[EXERCISE INSTRUCTIONS]:
Return the listing exactly. Keep no pictures.

[DATA BELOW]:
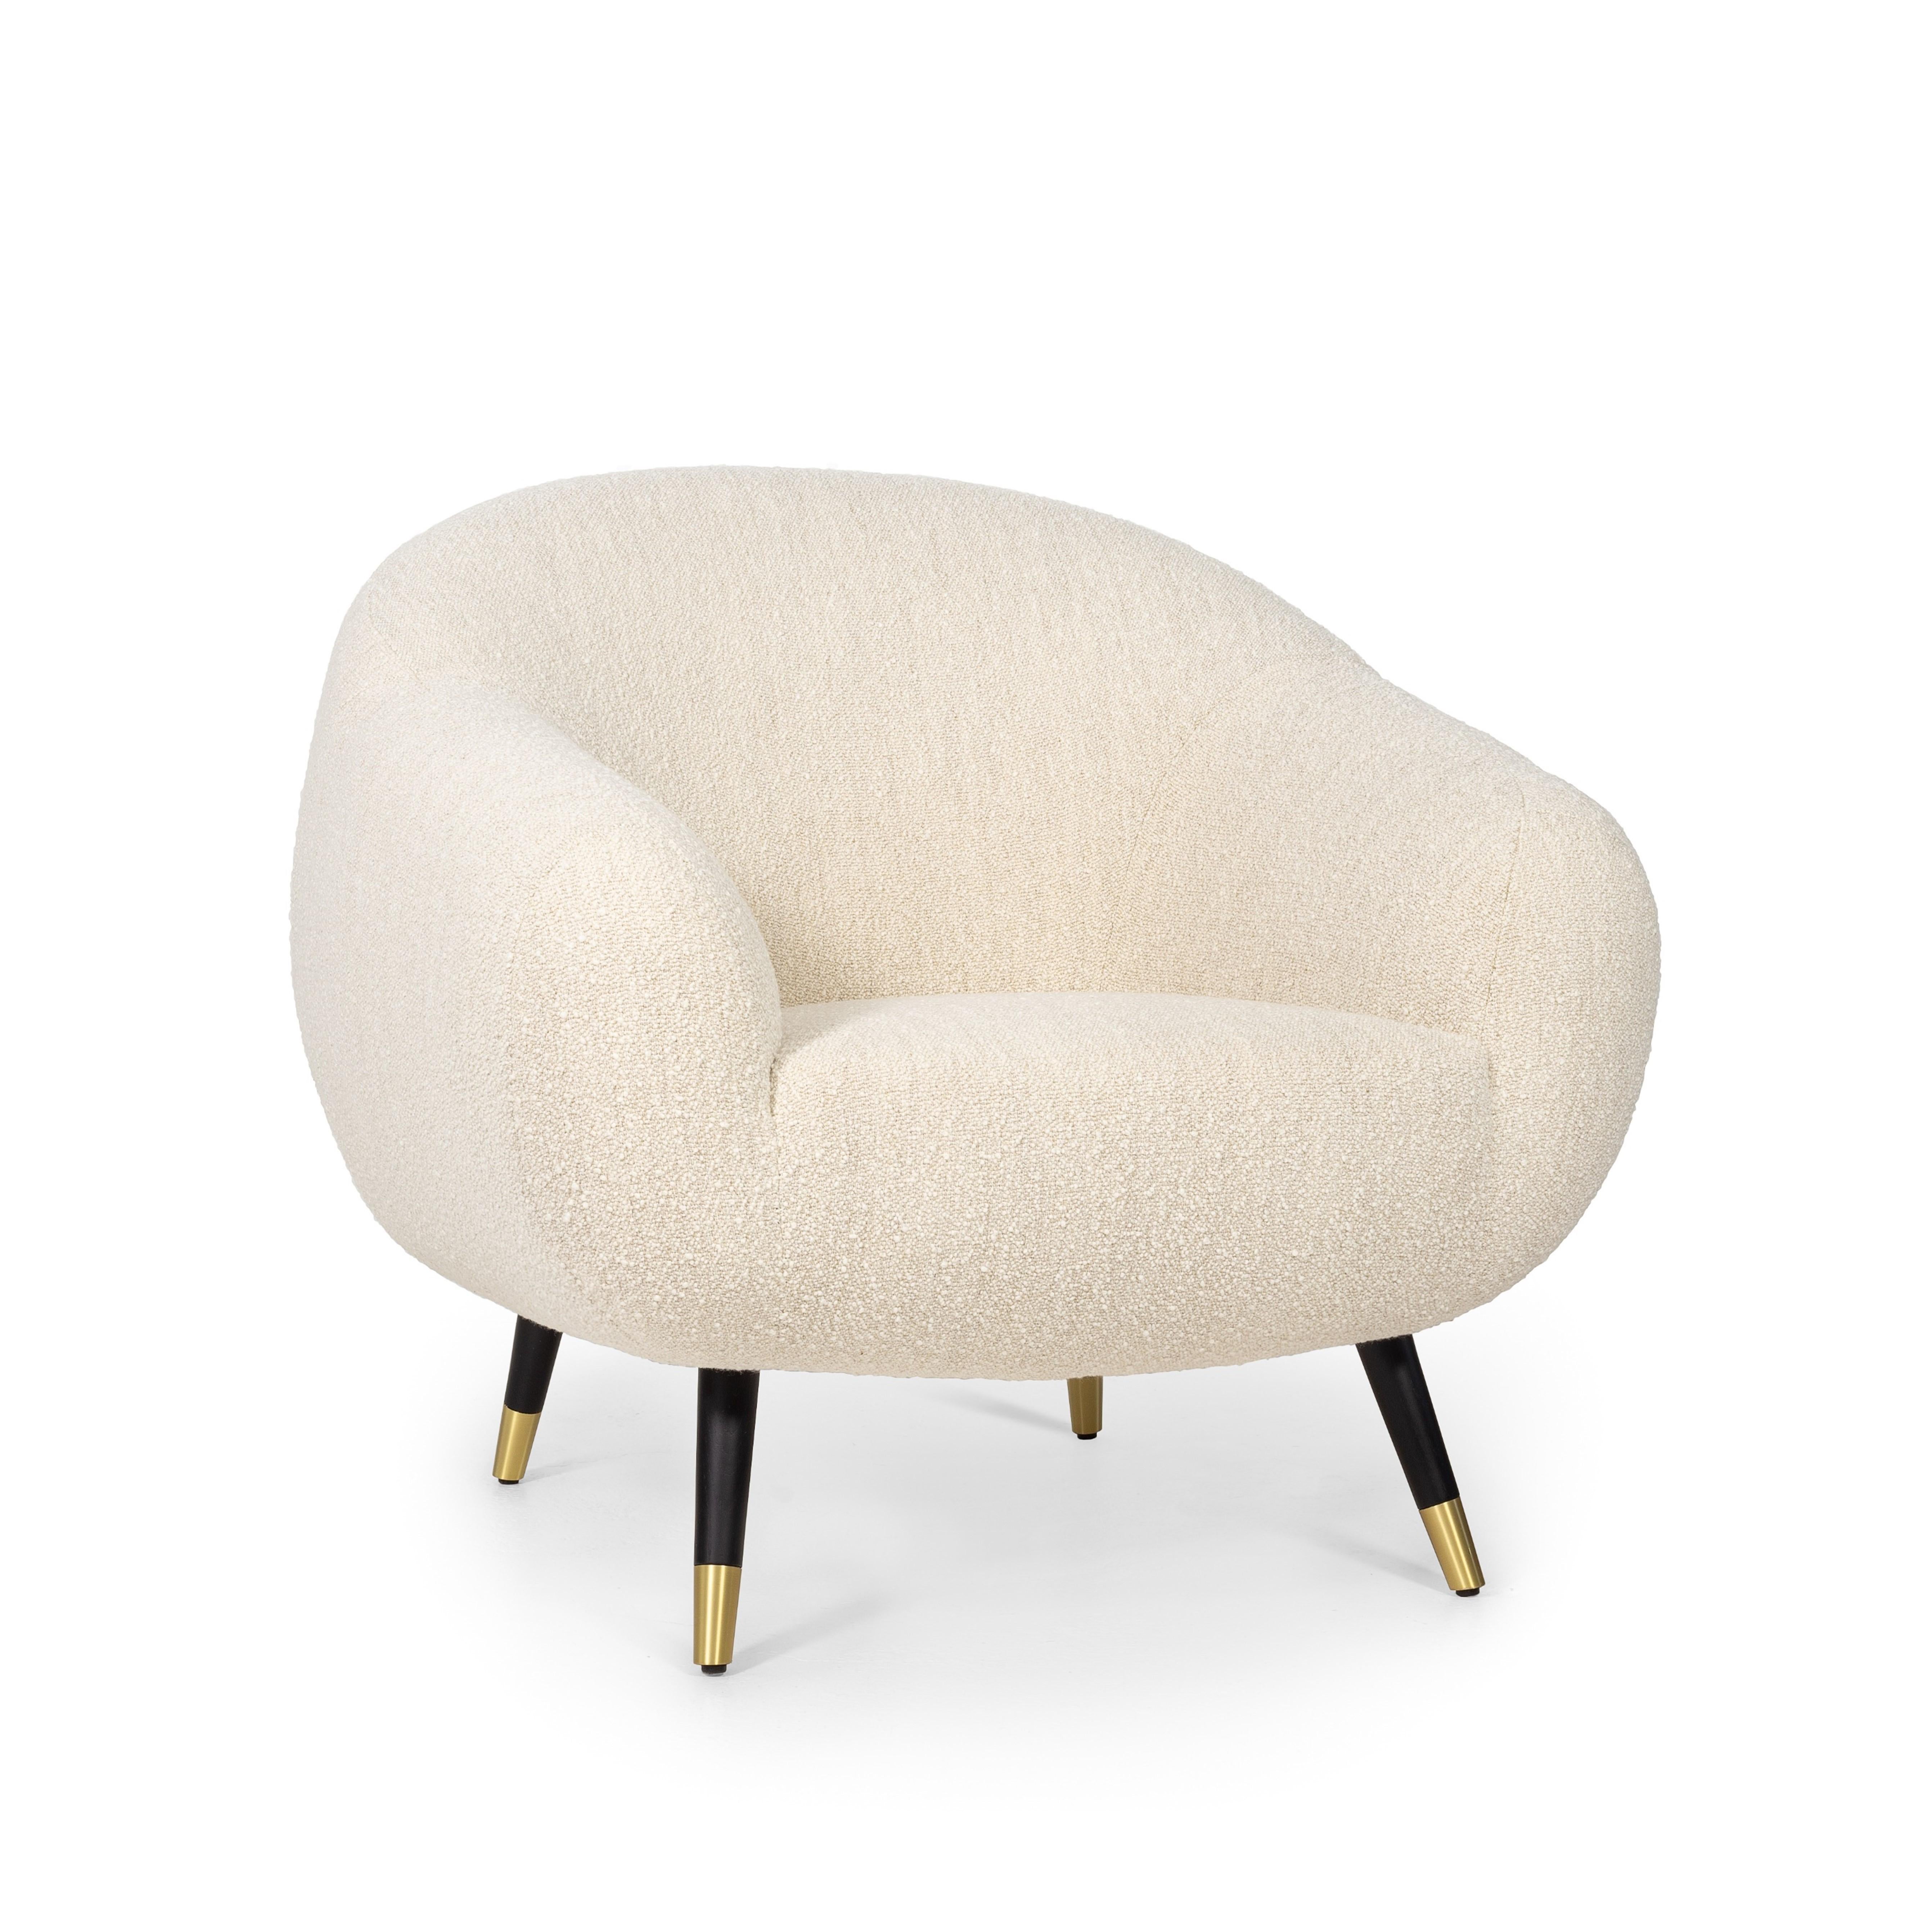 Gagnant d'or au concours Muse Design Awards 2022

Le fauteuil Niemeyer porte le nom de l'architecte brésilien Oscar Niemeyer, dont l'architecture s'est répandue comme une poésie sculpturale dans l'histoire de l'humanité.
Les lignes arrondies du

[REPLY]:
 Gagnant d'or au concours Muse Design Awards 2022

Le fauteuil Niemeyer porte le nom de l'architecte brésilien Oscar Niemeyer, dont l'architecture s'est répandue comme une poésie sculpturale dans l'histoire de l'humanité.
Les lignes arrondies du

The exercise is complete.